Tuesday, June 16, 2009

"Overpaying"

In today's junk mail, something from Traveler's Insurance warned my husband that he "might be overpaying for auto insurance every year." (Exclamation point and all caps omitted.)

I'll grant you, that bit of direct mail was considerably more on the up-and-up than some we receive: The envelope identified who had sent it and it used the term "might," rather than making a definitive statement. If you pay the most fleeting attention to the senseless holocaust of tree-pulp that finds it way to your mailbox, you should know that this is saying something these days.

The brass-tacks issue, however, lies in Traveler's definition of "overpaying." I've been buying my car insurance from the same guy since 1991, knowing darned well that I can pick up the phone and know that a problem will be Dealt With. Case in point: When I moved to another state that had higher insurance rates, Dan bent the rules to "grandfather" my Wisconsin rates for as long as possible. When a deer ran into my car--not the other way around, mind you--the claims adjuster's second question (after "Is everyone alright?") was "Does anyone need a translator?" (which weirded me out enough that I blurted, "Not unless you speak deer.")

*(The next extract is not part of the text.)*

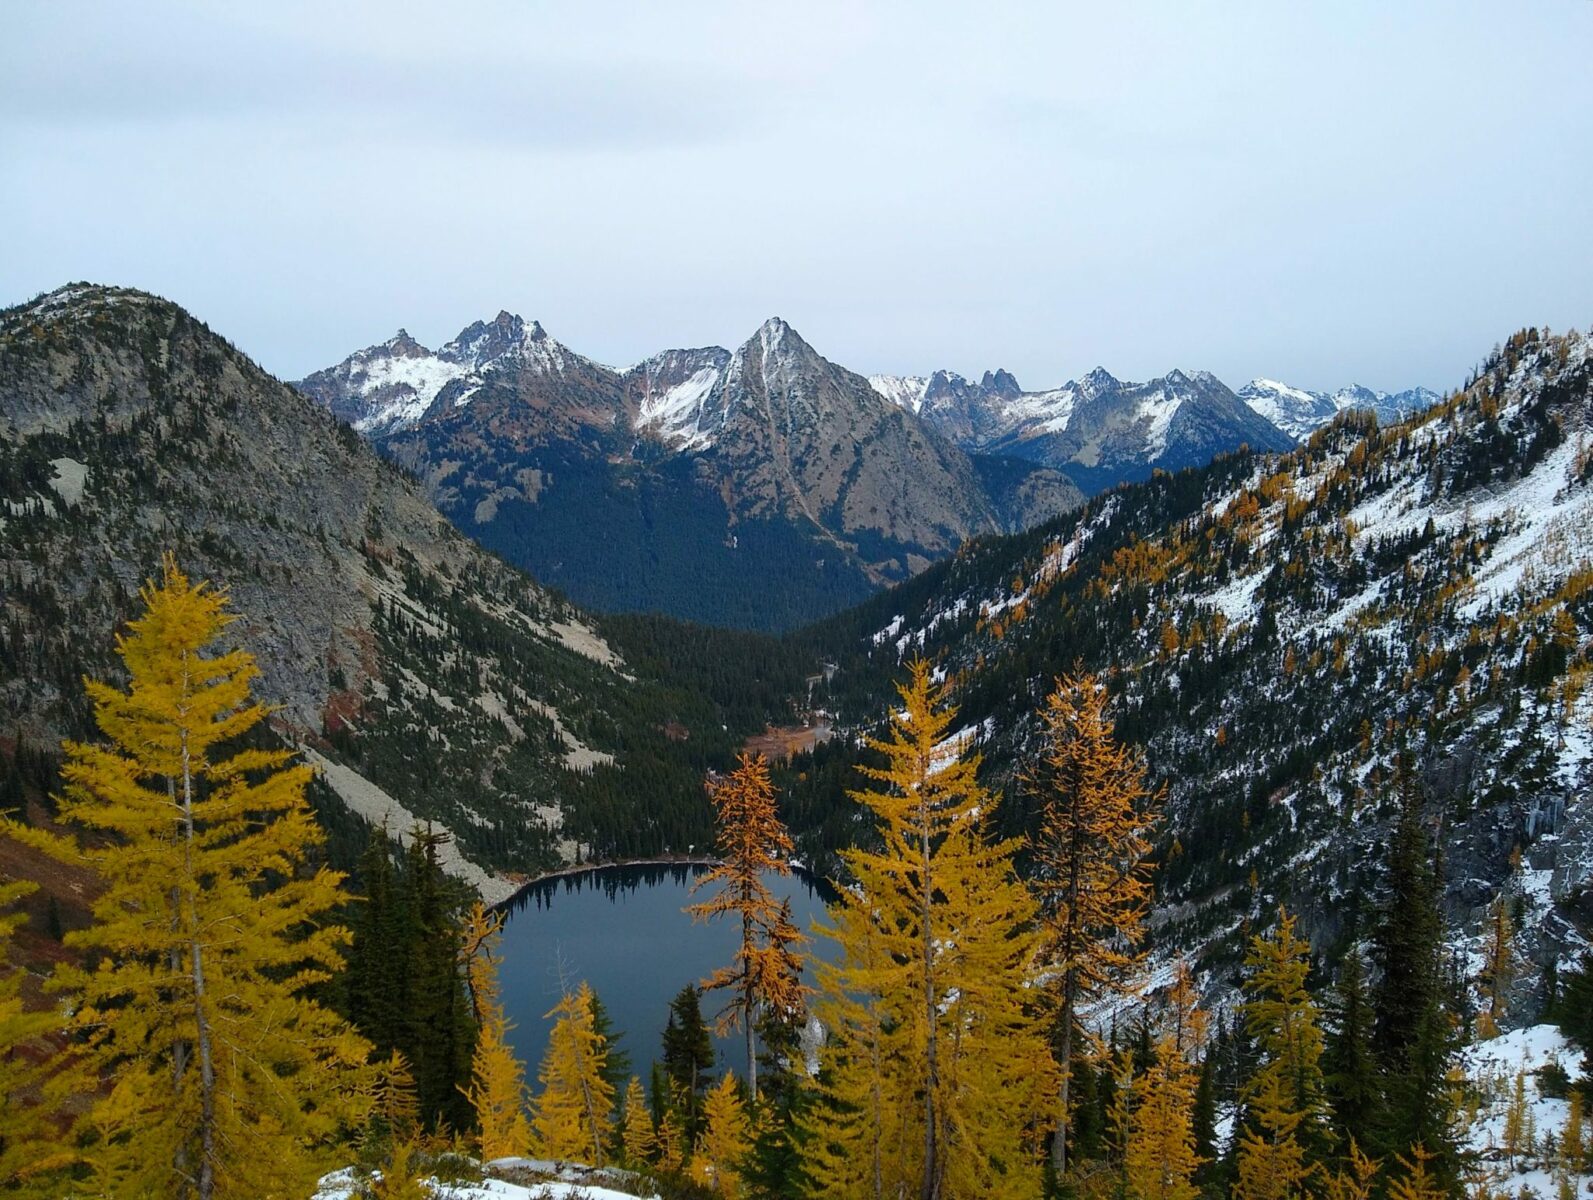 Golden larch trees in the foreground frame an alpine lake below. The lake is surrounded by high mountains with a dusting of snow. It's an overcast day along the Maple Pass trail, one of the best larch hikes in Washington

But I emphatically do not play an entire sonata in touch-tone to reach a person whose job it is to stall me for half an hour before transferring me to the next person with the same job description. When I saw the deer barreling Hell-bent-for-election toward my car, my train of thought was basically:

1.) The stupid thing's gonna head-butt my quarter-panel.
2.) There's no way it can end up in our laps.
3.) Oh well, this is why I pay for insurance.
4.) [BAM!] Yep, the stupid thing just head-butted my quarter-panel.

I'm not exaggerating, not even for humorous effect. But that, friends and brethren, why I pitch a check to American Family every single month.

Understand that, when you purchase insurance, you actually pay in two currencies. One is straight bling (however that translates to what you have to do to coax it into your bank account). The other is the time and frustration that you'll spend holding your insurance company to the terms of their bond. It's that second currency that constitutes the price-to-value ratio that should be the basis of all purchases. Particularly of intangible services such as insurance.

Now, I don't recall whether Citibank--whose executives are presumably stimulating the Bermudan economy with my tax dollars--bought out Traveler's or vice versa. And I frankly don't care, because I have no doubt that they're financially joined at the proverbial hip in the shell games that brought this recession to pass. What I do care about, however, dates back to the last recession that bit me, and Traveler's attempt to nick me when I was already bleeding. Even a decade and a half on, they could offer me free insurance, and it would still be too expensive. Why? Because knowing that I might have to fight--to the point of calling for legal backup--for what is contractually mine is not a bargain at any price.